The Cheshire Cat: build your AI assistant with any Large Language Model
Extendible, model-agnostic and open source package for developing tailored AI architecture on top of most recent Large Language Models (LLM)

The Cheshire Cat framework changed a lot since this article was written. Copying and pasting the code in this article is not enough anymore. Sorry for these. Anyway, if you have any doubt you can jump in the Cat Discord channel and I’ll be glad to help you. Thank you!
In this blog, I would like to bring you my little experience with this tool, showing two minimal working examples on how to extend the current version with custom functions.
Overview
The best way to take a first step to understand the Cheshire Cat is this video by the author. However, here I’m shortly summarizing how it’s made.
Cheshire Cat comes from the famous character of Alice in Wonderland and is an AI architecture built on top of a LLM (e.g. ChatGPT, Cohere, Alpaca and so on). Yet, this project extends these models capability.
The Cat is an agent that embeds two types of memories. These are called episodic and declarative memories. The former is the context of things that the human said in the past; the latter is the context of documents we uploaded to the Cat (yes, you can upload and make it parse .txt, .pdf and .md documents to extend its knowledge). These memories are saved locally as vectors and loaded as needed.
Without going into details: a language model works as an embedder, i.e. it outputs a vector representation of a string; the user’s prompt vector is compared with the memories vectors and the most similar vectors are retrieved and used to enrich the user prompt. Such a technique is called Retrieval Augmented Generation.
The aforementioned contextual information are embedded in a prompt template to instruct the Cat and to provide it with a few examples. Here is how the templates look like:
@hook
def get_main_prompt_prefix():
prefix = """This is a conversation between a human and an intelligent robot cat that passes the Turing test.
The cat is curious and talks like the Cheshire Cat from Alice's adventures in wonderland.
The cat replies are based on the Context provided below.
Context of things the Human said in the past:{episodic_memory}
Context of documents containing relevant information:{declarative_memory}
If Context is not enough, you have access to the following tools:
"""
return prefix
@hook
def get_main_prompt_suffix():
suffix = """Conversation until now:
{chat_history}Human: {input}
What would the AI reply?
Answer concisely to the user needs as best you can, according to the provided recent conversation, context and tools.
{agent_scratchpad}"""
return suffix
@hook
def get_hypothetical_embedding_prompt():
hyde_prompt = """You will be given a sentence.
If the sentence is a question, convert it to a plausible answer.
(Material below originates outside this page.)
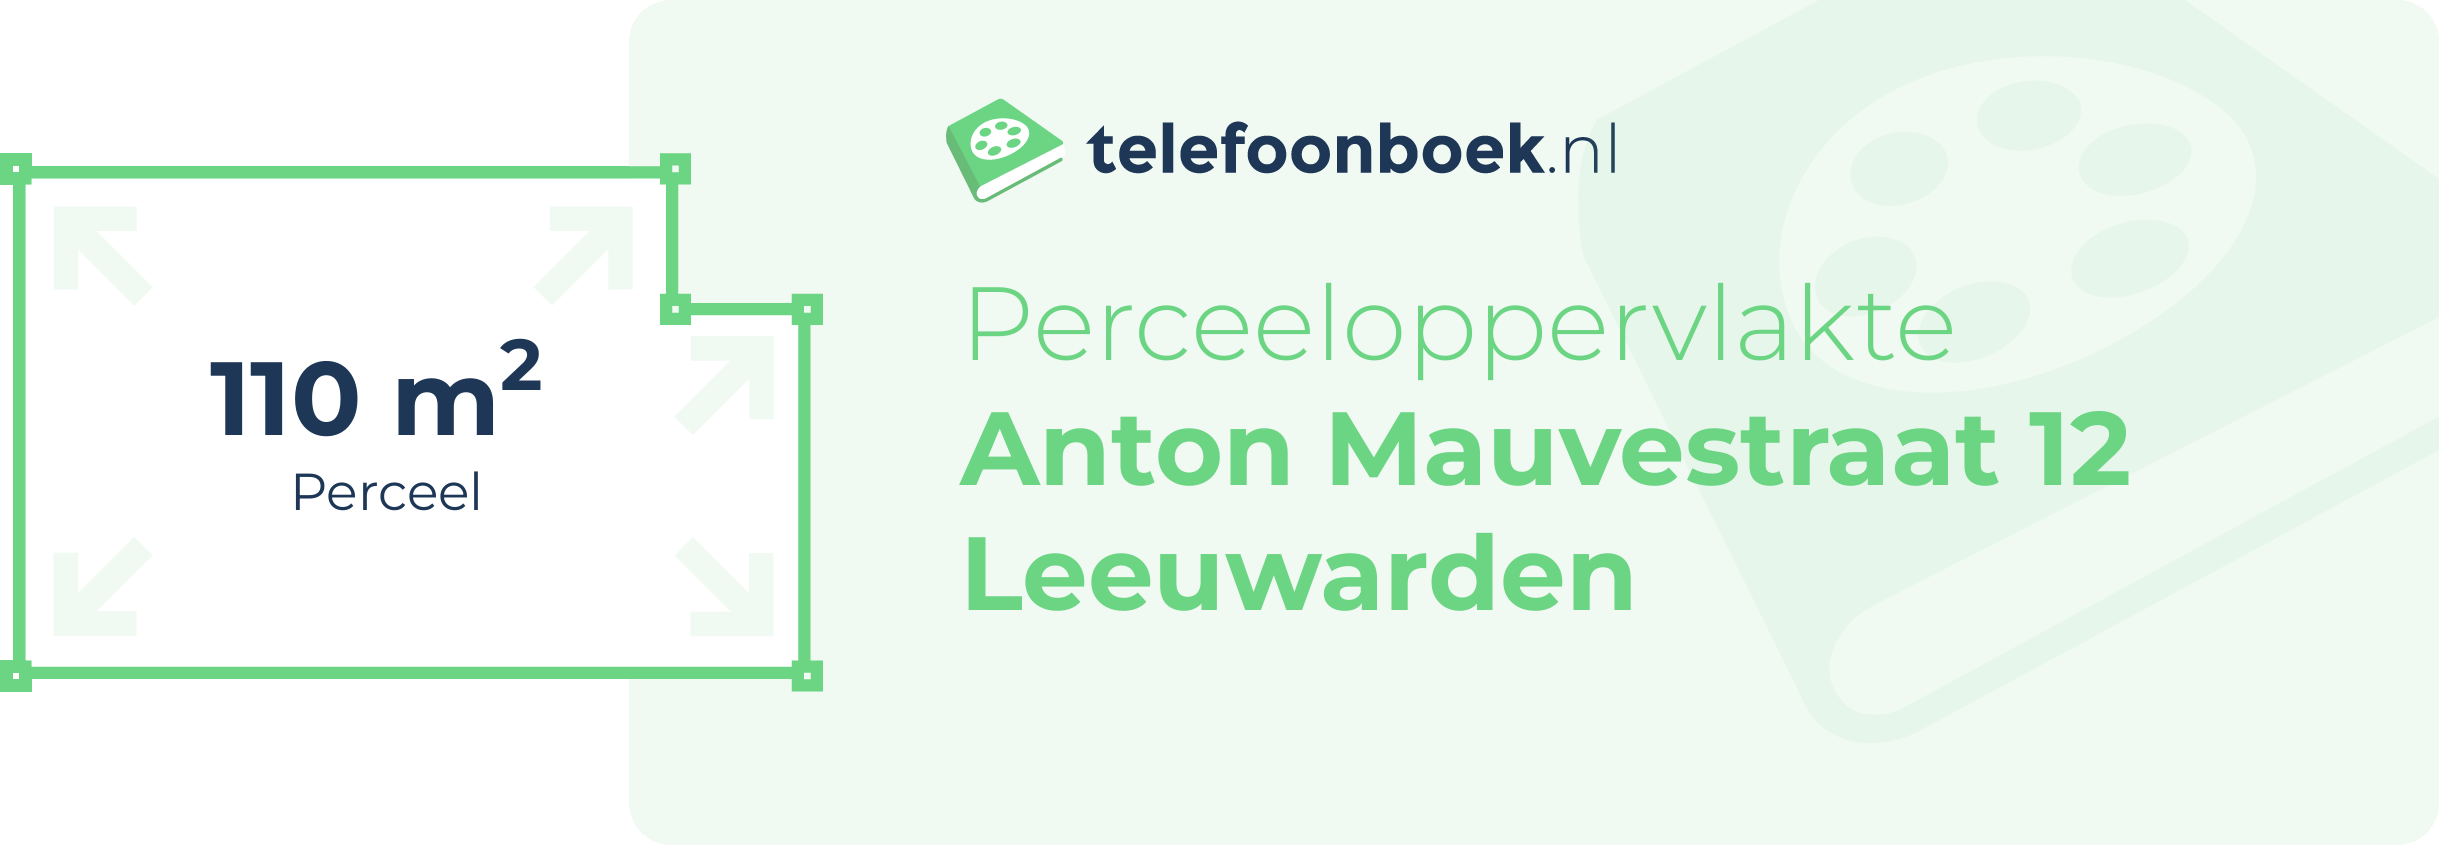 Perceeloppervlakte Anton Mauvestraat 12 Leeuwarden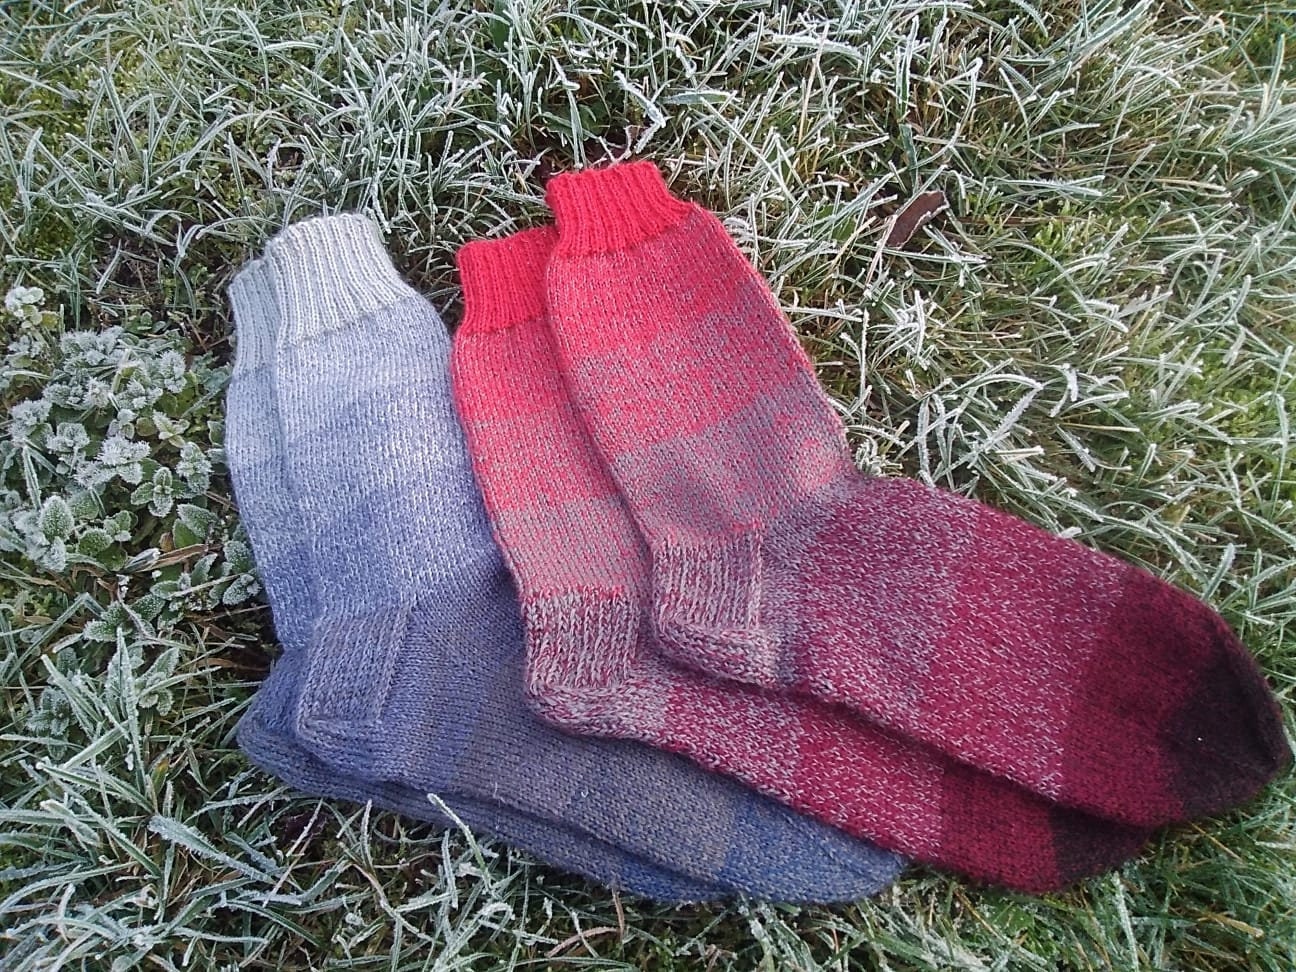 Wool socks Warm hand knitted socks Gift for him Unisex

If the sentence does not contain an question, just repeat the sentence as is without adding anything to it.
Examples:
- what furniture there is in my room? --> In my room there is a bed, a guardrobe and a desk with my computer
- where did you go today --> today I was at school
- I like ice cream --> I like ice cream
- how old is Jack --> Jack is 20 years old
- {input} -->
"""
return hyde_promptThe three functions above are used to give rich prompts to the agent. As you can see the prefix embeds both memories and the suffix embeds the chat history. The hypothetical prompt receives directly the user’s prompt and generate an hypothetical answer; this answer is used to retrieve meaningful context from memories and, then, generate the actual answer.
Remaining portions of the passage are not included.